Autant de personnalités qui pendant des décennies ont eu accès aux médias et ont pu distiller leur pensée et leurs idéaux sous prétexte d’incarner la libération des mœurs, un esprit soixante-huitard et un certain génie.
Pour ces présumés coupables, accusés d’inceste, de pédophilie, de viol ou de harcèlement sexuel, on dénonce un chantage, d’odieuses calomnies venant de personnes désaxées en mal d’argent et de notoriété. Pourtant, il en faut du courage pour oser dénoncer à visage découvert un parent, un ami, un proche, un homme puissant et prendre le risque de se mettre à dos les nombreux soutiens de ces présumés coupables. Quelle saveur peut donc avoir l’argent quand on est accusé de mensonges et de calomnie? Quelle est donc cette notoriété qui mérite d’être construite sur des accusations mensongères?
C'est à croire que la victimisation est devenue la nouvelle starification. Hier encore, on devenait star en entrant dans un loft sous vidéosurveillance et aujourd’hui, il suffirait de faire son coming out victimaire? Allons donc.

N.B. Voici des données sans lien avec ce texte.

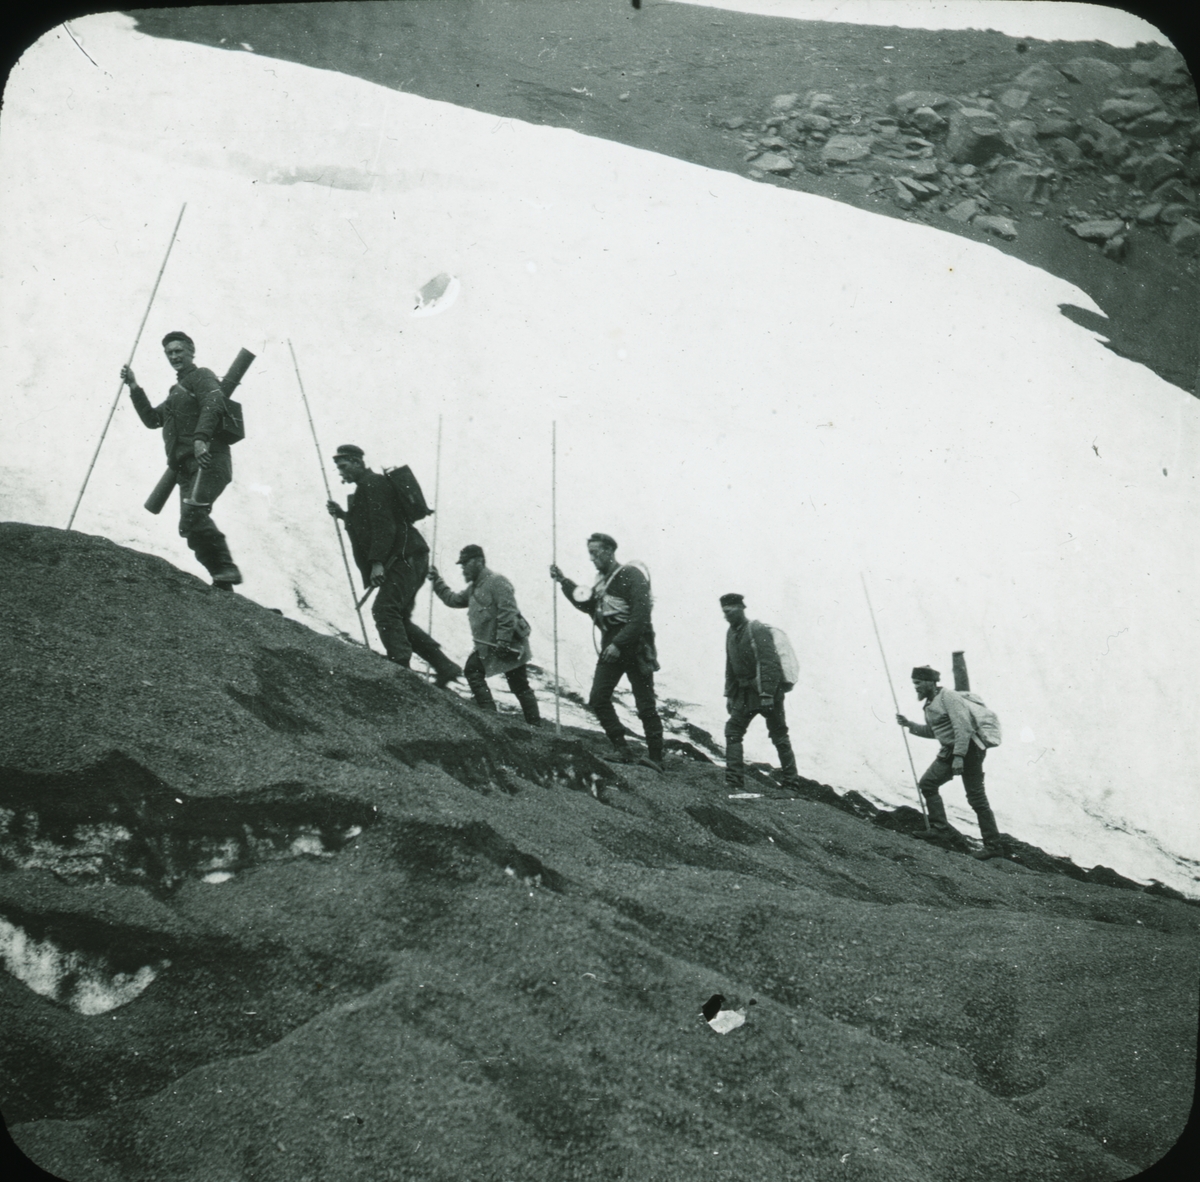 Fotografi från expedition till Spetsbergen. Motiv av sex expeditionsdeltagare som vandrar i berg.

Au Maroc, beaucoup d’entre nous se reconnaissent dans les courageux témoignages de ces victimes qui n’ont plus rien à perdre. Pourtant, nous ne sommes pas prêts pour autant à sauter le pas des révélations et à dénoncer nos bourreaux… Cet oncle aux mains baladeuses, ce père en qui on avait toute confiance, ce grand-père à qui on donnerait le bon Dieu sans confession, cet ami de papa qu’il nous faut appeler «3ammi» par respect, cet imam loin de tout soupçon, ce professeur si respecté, ce patron tout puissant… Sans oublier les femmes qui, on oublie un peu trop souvent de le dire, sont elles aussi des agresseurs potentiels.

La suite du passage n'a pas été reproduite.